Bringing manufacturing back to the U.S.

As VESCO continues to build and service furnaces across North America, Collins said that reshoring of manufacturing is going to be a major deal.

“They call it reshoring or onshoring, but it’s bringing back a lot of manufacturing that was moved out of the country,” he said. “We’re seeing that in a couple of key geographic areas where a manufacturer is coming back in. There are a lot of furnaces at very large manufacturing sites that have been mothballed for the last few years. And, as that production and manufacturing capacity comes back to the U.S., being able to expand our operations to service these folks where they are is huge.”

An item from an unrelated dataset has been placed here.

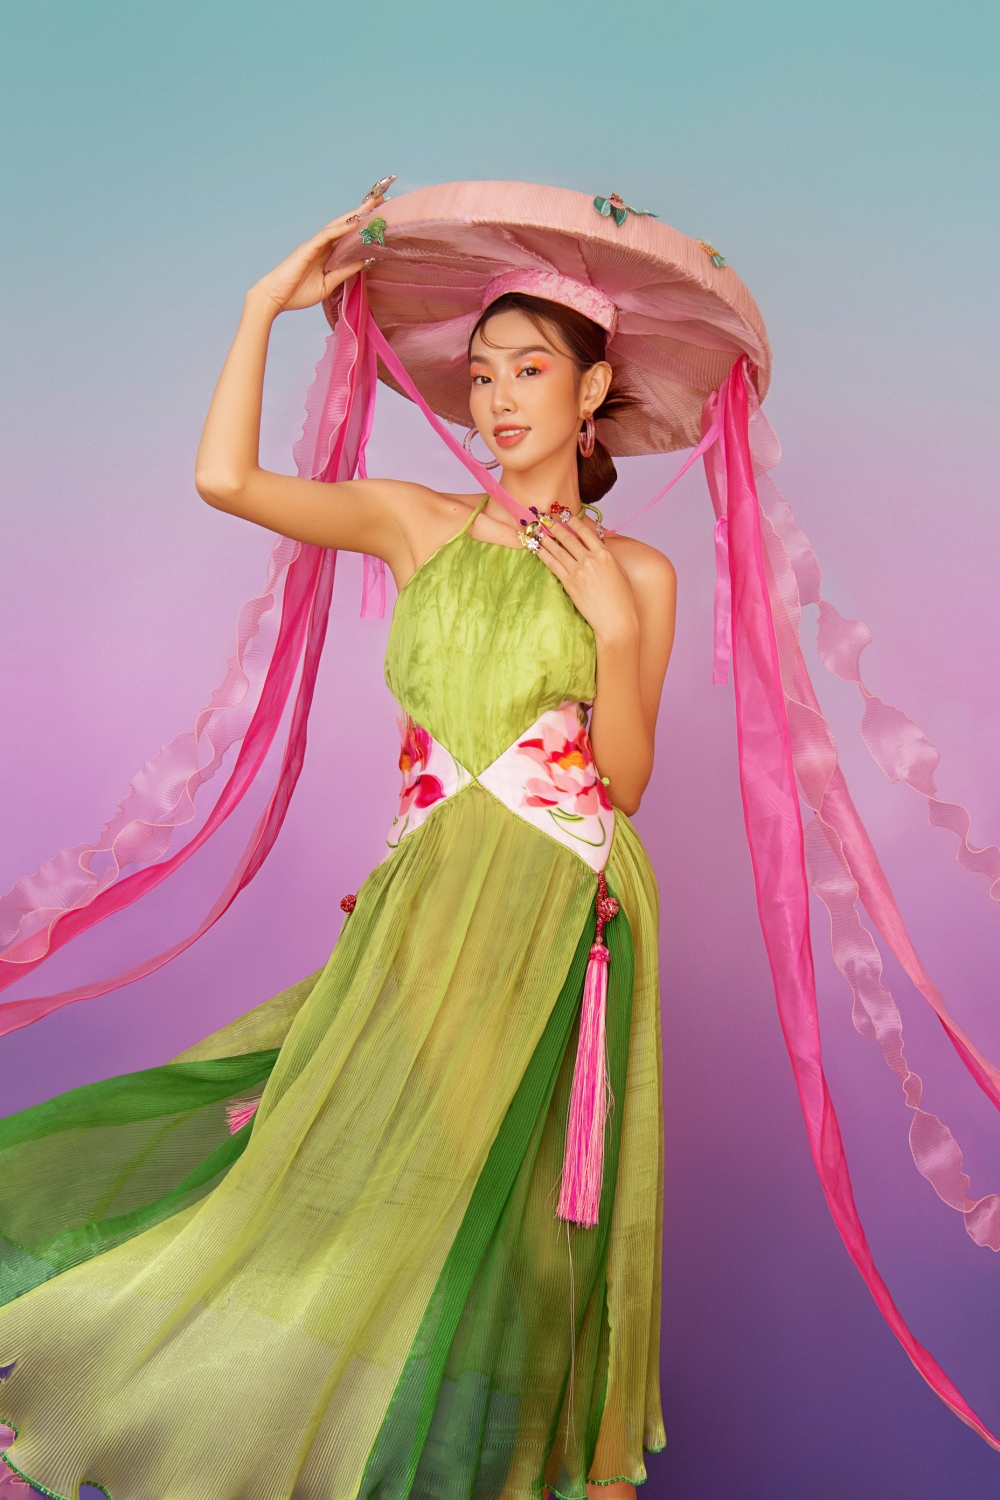 Hoa hậu Thùy Tiên diện yếm đào, đội nón quai thao trong bộ ảnh đón Tết

Due to this, VESCO is taking on a more national — and international — role, according to Collins.

“The Eastern Seaboard is very big for us,” he said. “We’ve been doing a lot of work in Texas, in the Pacific Northwest, the mid-Atlantic, and in the Michigan area. And part of that, too, is developing a workforce that’s willing to travel for weeks on end. I had two techs that were in South Dakota for almost three months doing six furnace installs for a large company there that bought furnaces out of New York and needed them set up and commissioned in South Dakota.”

Another major part of VESCO’s 10-year plan is to continue that expansion globally, according to Collins.

“We’ve already expanded into both Canada and Mexico; we’re doing a lot of work in both of those countries, and we’re really looking to expand to be a truly North American company —building those partnerships on both sides of the borders, both north and south,” he said. “Luckily, Busch has both Busch Canada and Busch Mexico counterparts that’s easing that transition for us. But they have the same needs that we have here in the U.S., as far as parts and service and engineering. That’s really where we’re looking to go as part of that expansion — to be able to service the manufacturing that seems to be coming back into the U.S.”